## Information given
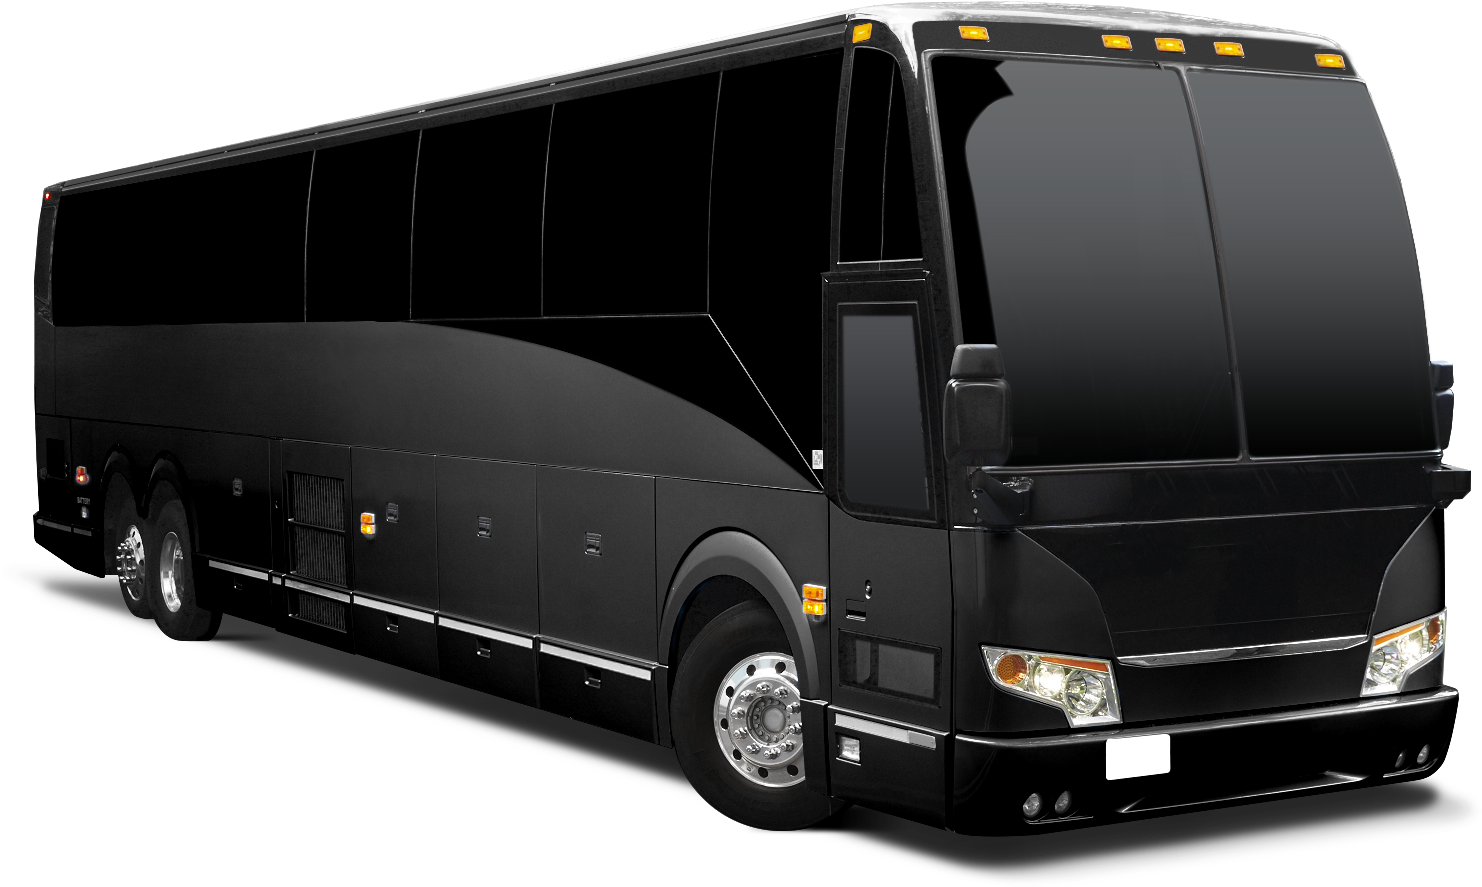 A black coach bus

---

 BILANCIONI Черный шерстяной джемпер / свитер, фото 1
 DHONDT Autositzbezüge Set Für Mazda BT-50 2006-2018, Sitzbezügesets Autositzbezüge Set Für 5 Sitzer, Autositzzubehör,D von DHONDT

==

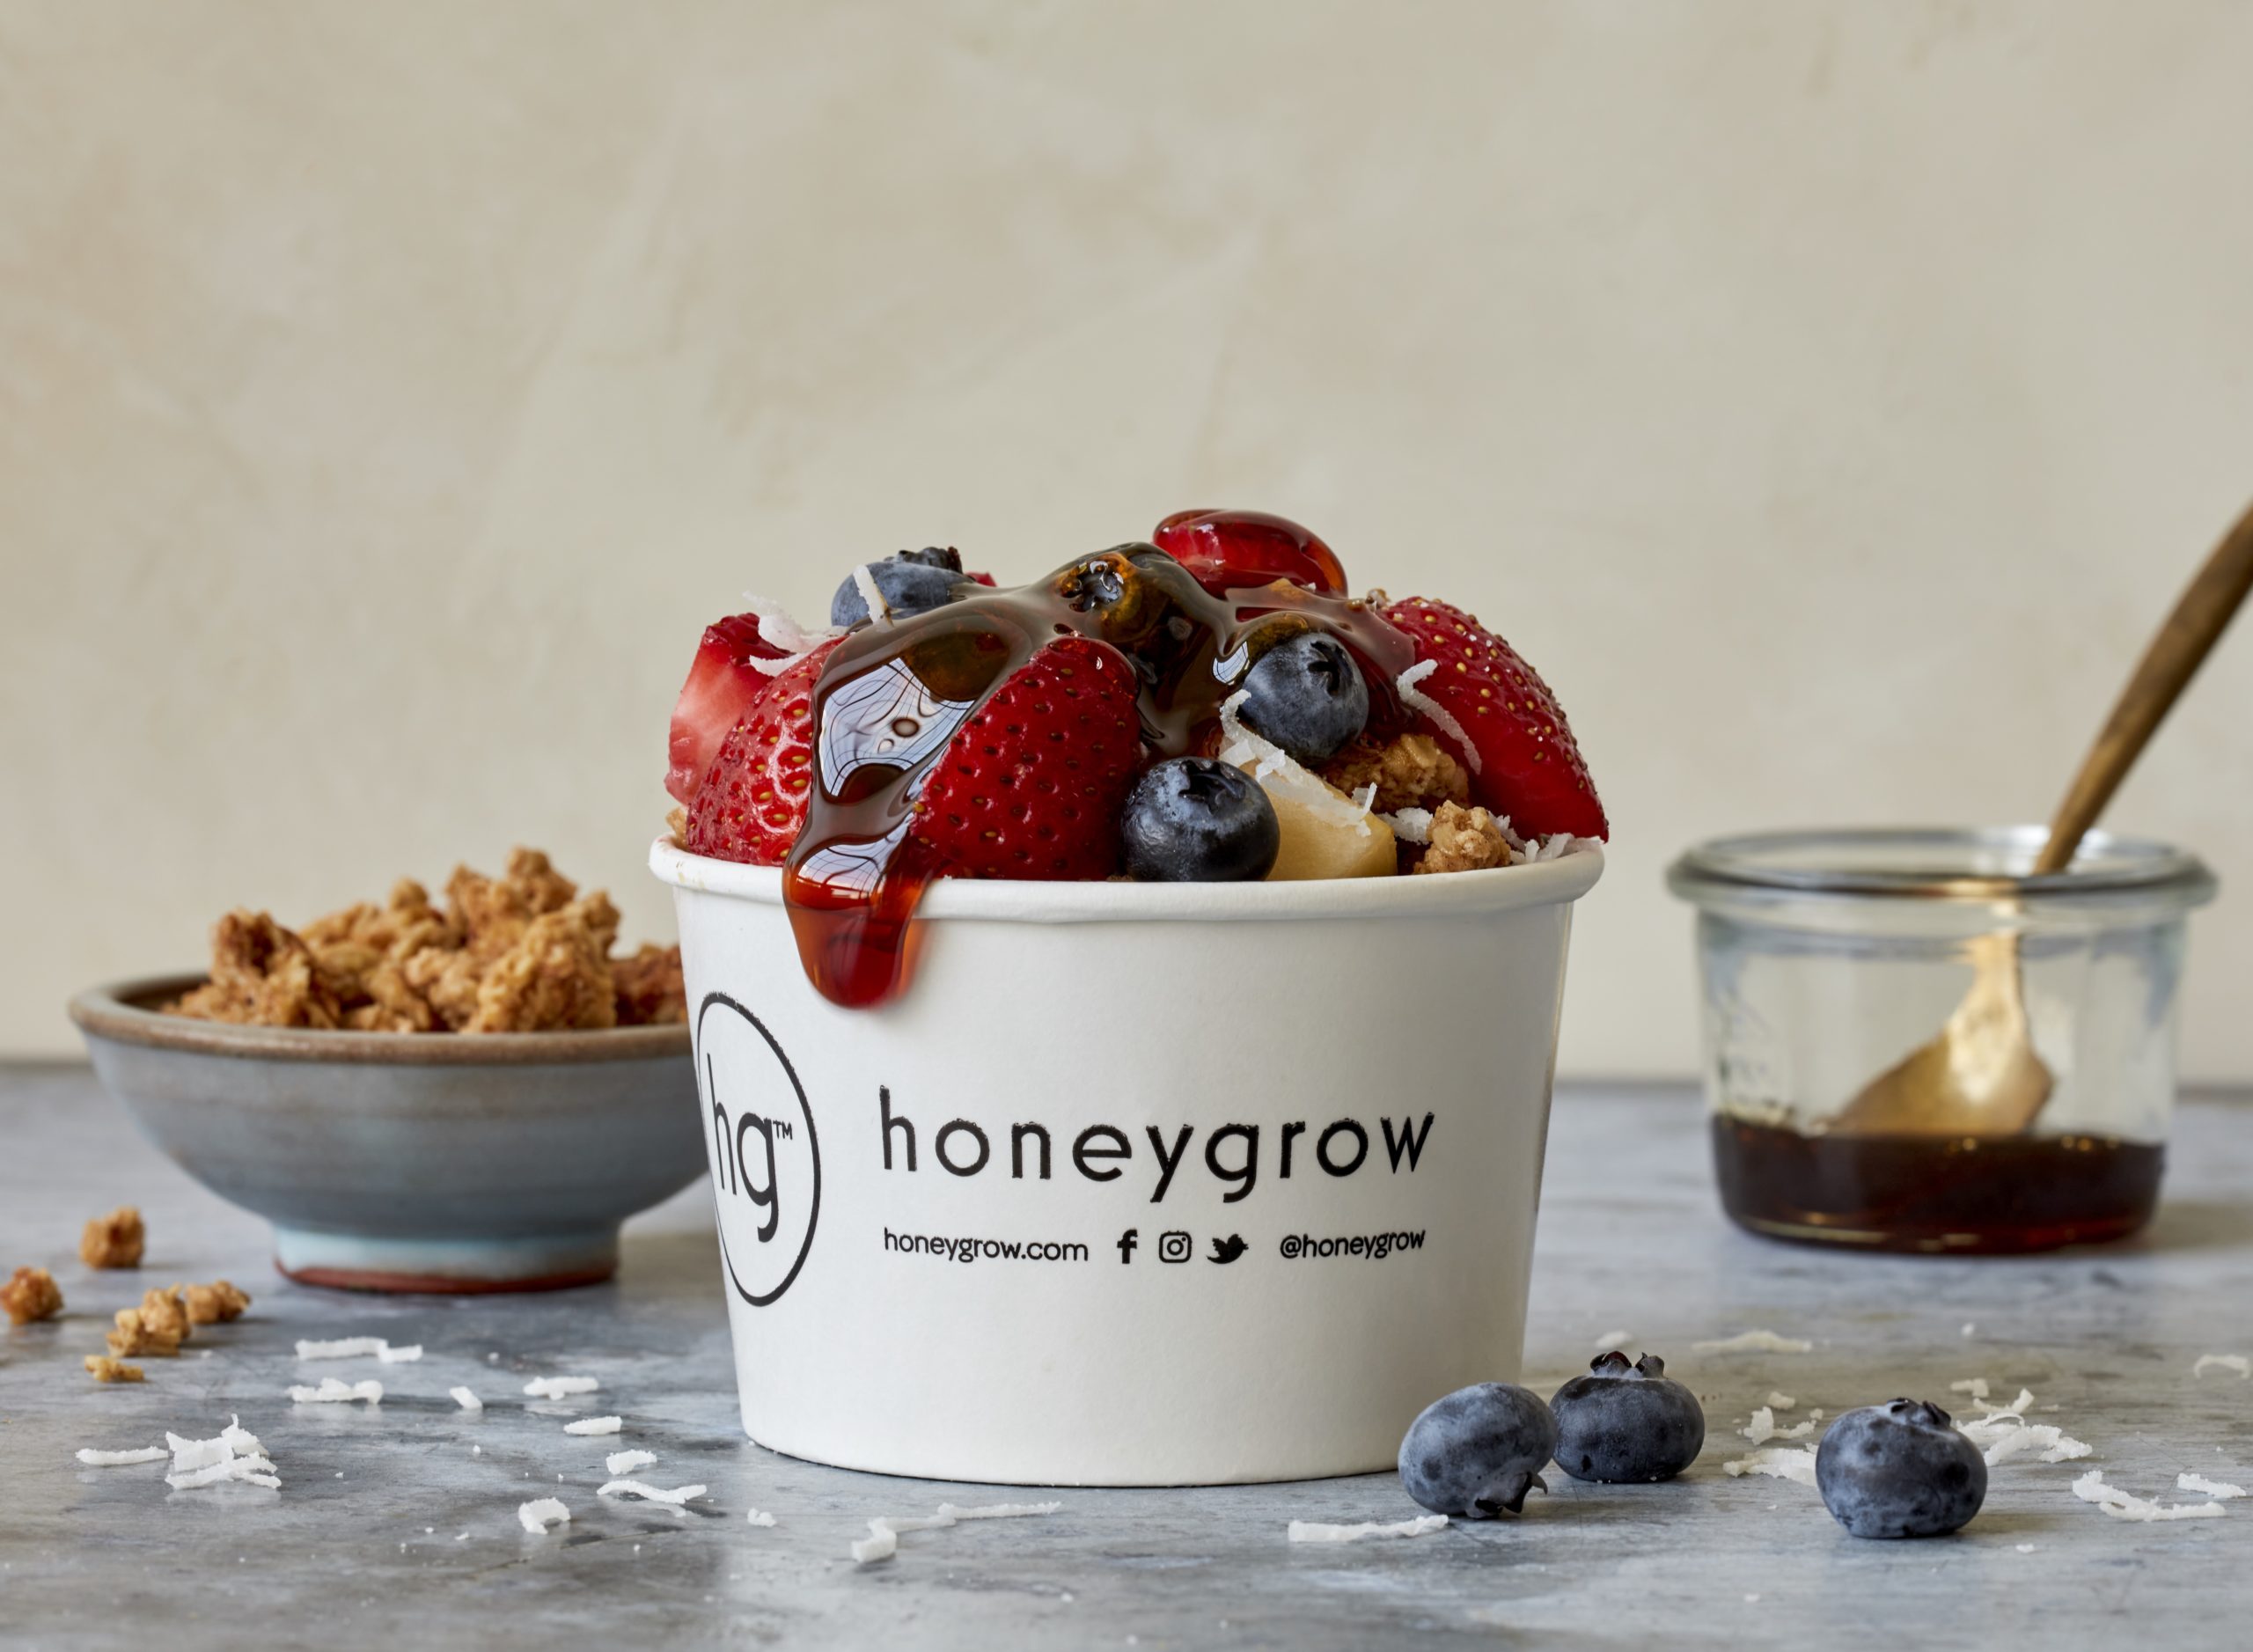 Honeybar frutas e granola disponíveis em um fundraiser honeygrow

## Work item
From the entries above, restate word for word the lines from the line containing "BILANCIONI Черный шерстяной" to the line containing "DHONDT Autositzbezüge Set", both ends included, and nothing more.

## Reply to the task
 BILANCIONI Черный шерстяной джемпер / свитер, фото 1
 DHONDT Autositzbezüge Set Für Mazda BT-50 2006-2018, Sitzbezügesets Autositzbezüge Set Für 5 Sitzer, Autositzzubehör,D von DHONDT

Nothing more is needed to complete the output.